When the Bellingham Fire Department arrived, massive amounts of gasoline had turned the creek pink, and the fumes were overwhelming. The fire department notified Olympic Pipeline of the leak and evacuated the area around the creek.

The gasoline ignited at 5:02 p.m. The black smoke plume extended to an altitude of 30000 ft and the smoke from the explosion was visible from Vancouver to Anacortes. The fire exceeded 2000 F. Local businesses were evacuated, Interstate 5 was closed to traffic, and the Coast Guard stopped maritime traffic in Bellingham Bay in anticipation of the fire travelling the entire length of the creek. However, the fire never extended past Interstate 5.

Emergency responders stopped most of the fires by 6:30 p.m.; the smoke dissipated by 7:00.

==Victims==
Three people died in the incident. The first was Liam Wood, 18, who was fly fishing in the creek. He was rendered unconscious by the fumes and fell into the creek, drowning before the explosion. Two children, Wade King and Stephen Tsiorvas, both ten years old, were playing near the creek confluence during the incident. Both survived the fire, but sustained severe burns, dying the next day at Harborview Medical Center in Seattle. There were eight related injuries. King's parents donated $400,000 to the Bellingham School District, and in 2007 Wade King Elementary School was named in his memory.

==Damage==
Property damage was estimated at $58,455,927, most of it caused by the explosion. Many nearby buildings had broken windows. One house was completely destroyed. The city's water treatment plant was near the explosion site, and while the building itself survived, everything inside was destroyed. The rupture allowed 277000 USgal of gasoline to escape into the creek bed. Bellingham water treatment personnel were forced to manually add water treatment chemicals to keep the water supply safe until the plant could be rebuilt.

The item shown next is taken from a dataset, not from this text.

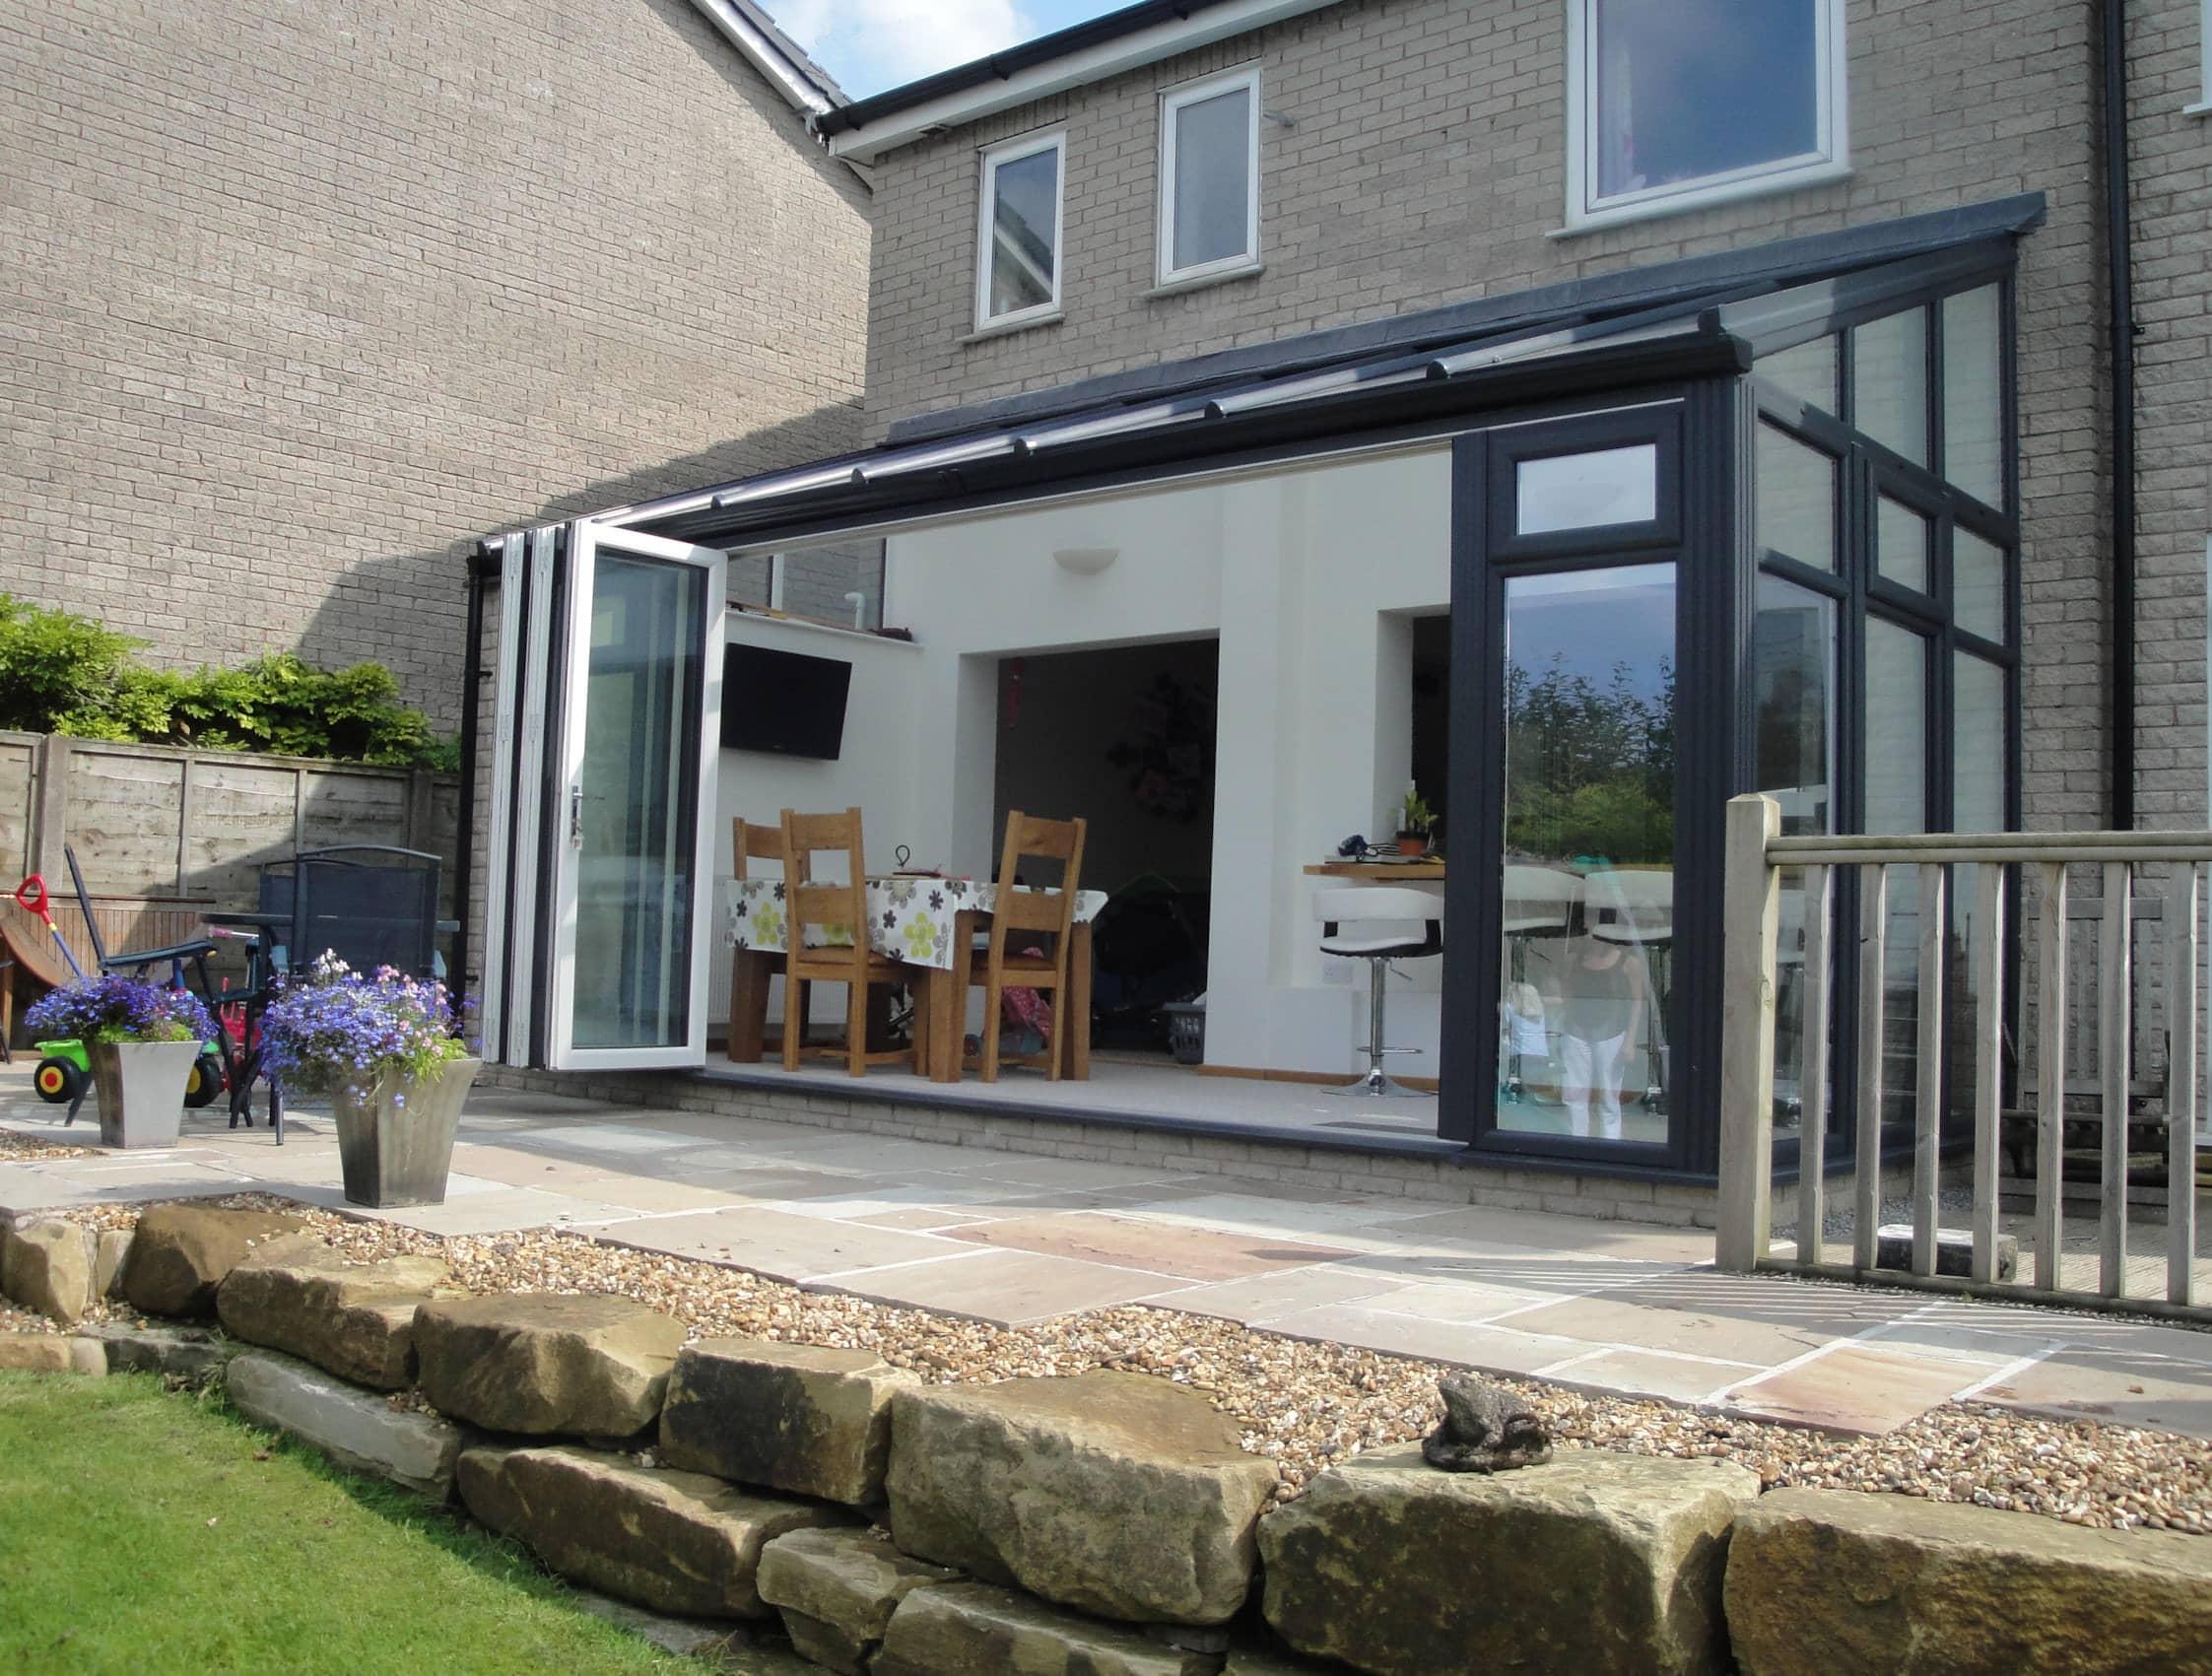 exterior view black and white folding doors custom sunroom nj custom sunroom builder Gambrick tile patio real stone

Authorities all noted that the destruction and death toll were much lower than would be expected from such a large explosion. This was due to the explosion being centered in a large, forested park; the fires mostly staying in Whatcom Creek; and the ignition occurring before more gasoline had leaked, which would have resulted in a much larger explosion. The cause of ignition was determined by Bellingham Fire Dept. to be a butane lighter in the possession of King and Tsiorvas.

==Investigation==
After a three-year investigation, investigators pointed to a series of failures, and not just a single error, most of which were the fault of Olympic Pipeline. Olympic Pipeline had failed to properly train employees and had to contend with a faulty computer SCADA system and pressure relief valve. In 1994, five years before the accident, an IMCO Construction crew, working on behalf of the City of Bellingham, damaged the pipeline while constructing the city's water treatment plant and failed to notify officials about the damage. Subsequently, Olympic Pipeline failed to find or repair the damage.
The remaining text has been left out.